LA CORTE SUPREMA DI CASSAZIONE

SEZIONE TERZA CIVILE

Composta dagli Ill.mi Sigg.ri Magistrati:

Dott. CHIARINI Maria Margherita – Presidente –

Dott. TRAVAGLINO Giacomo – Consigliere –

Dott. OLIVIERI Stefano – Consigliere –

Dott. CIRILLO Francesco Maria – rel. Consigliere –

Dott. POSITANO Gabriele – Consigliere –

ha pronunciato la seguente:

SENTENZA

sul ricorso 28188-2014 proposto da:

B.A., elettivamente domiciliato in ROMA, VIA FLAMINIA

388, presso lo studio dell’avvocato ANTONIO PESELLI ANTONIO ZAPPI

GIOVANNI, rappresentato e difeso dall’avvocato GIOVANNI PICCIOLI

giusta procura in calce al ricorso;

– ricorrente –

contro

C.M., elettivamente domiciliato in ROMA, VIA GROENLANDIA

5, presso lo studio dell’avvocato CLAUDIA PACINI, rappresentato e

difeso dall’avvocato ALESSIO MENCONI giusta procura in calce al

controricorso;

– controricorrente –

avverso la sentenza n. 448/2014 della CORTE D’APPELLO di GENOVA,

depositata il 08/04/2014;

udita la relazione della causa svolta nella pubblica udienza del

16/12/2016 dal Consigliere Dott. FRANCESCO MARIA CIRILLO;

udito l’Avvocato LUIGI FEDELI BARBANTINI per delega;

udito l’Avvocato CLAUDIA PACINI per delega;

udito il P.M. in persona del Sostituto Procuratore Generale Dott.

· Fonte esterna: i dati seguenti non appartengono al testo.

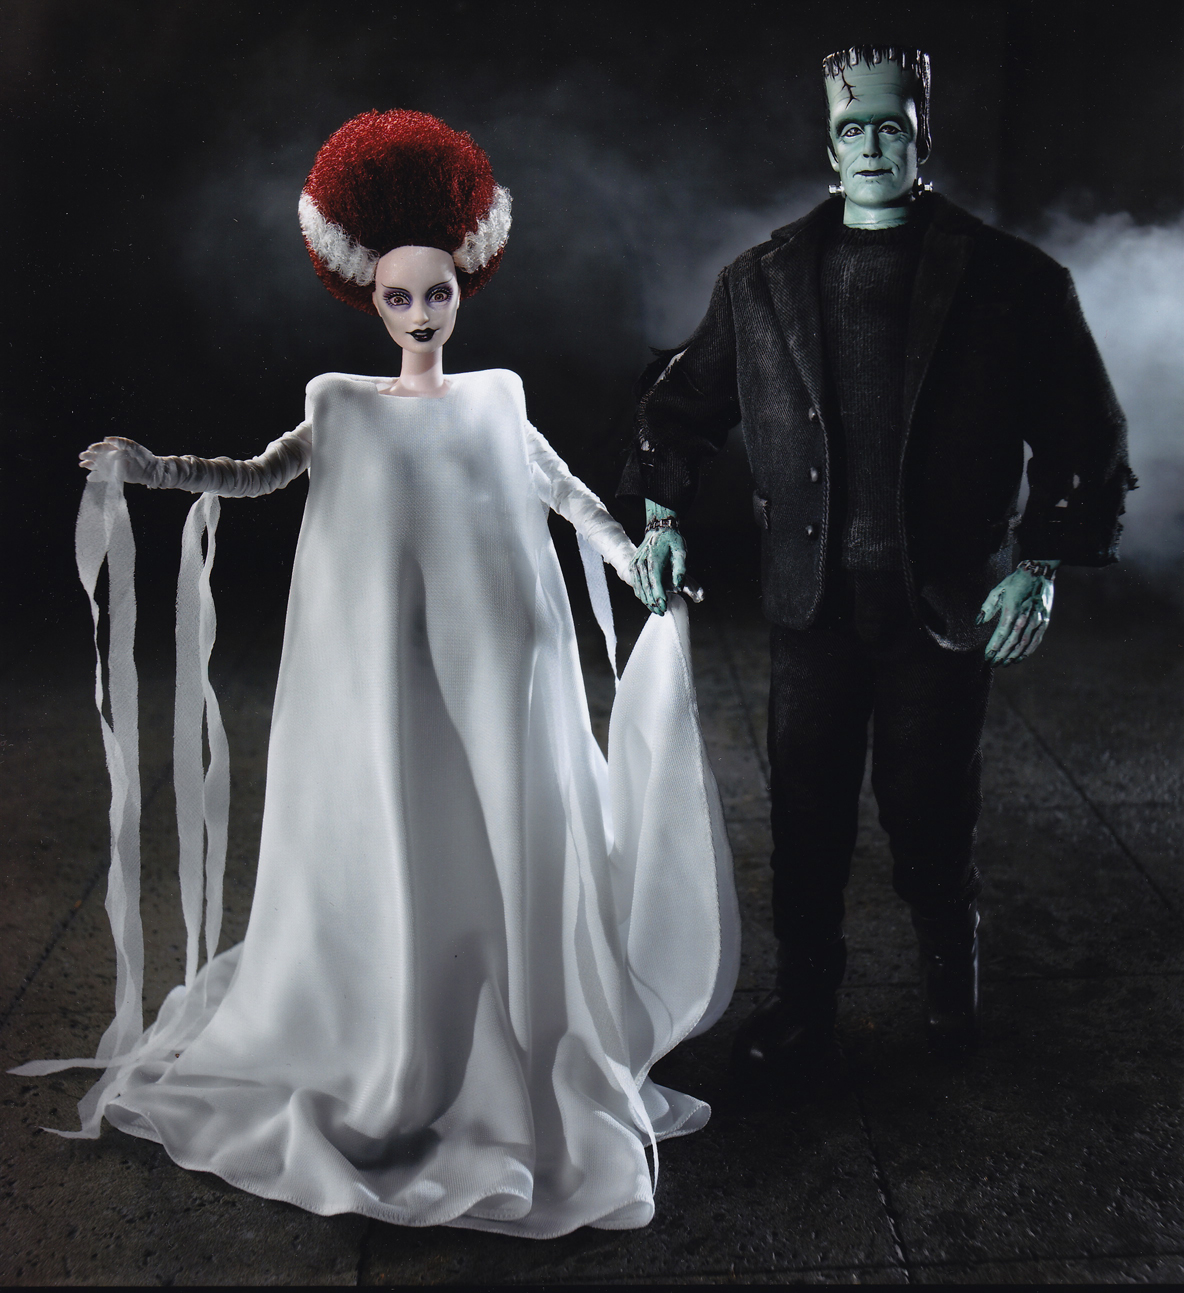 Bride of Frankenstein One-of-a-Kind Barbie Doll

SOLDI Anna Maria, che ha concluso per il rigetto.

Fatto

FATTI DI CAUSA

1. Con ricorso al Tribunale di Massa, Sezione distaccata di Carrara, C.M. convenne in giudizio B.A. e – sulla premessa di essere conduttore di un immobile di proprietà del convenuto in base ad un contratto del (OMISSIS) per la somma mensile di Euro 207, contratto cessato nel 2009 – chiese che il locatore fosse condannato a rimborsagli le somme versate in eccesso a titolo di interessi per l’aggiornamento del canone, nonchè a restituirgli la cauzione.

Si costituì in giudizio il convenuto, chiedendo il rigetto della domanda e proponendo domanda riconvenzionale per il pagamento dell’indennità di cui all’art. 1591 c.c., sul rilievo che il conduttore aveva rilasciato l’immobile solo in data 4 dicembre 2009 anzichè nell’agosto 2009, in tal modo facendo sfumare l’opportunità di concludere un altro contratto di locazione con un diverso conduttore.

Espletata l’istruttoria il Tribunale, previa compensazione dei reciproci crediti e debiti, condannò C.M. al pagamento della somma di Euro 1.837,04 con gli interessi e compensò le spese di giudizio.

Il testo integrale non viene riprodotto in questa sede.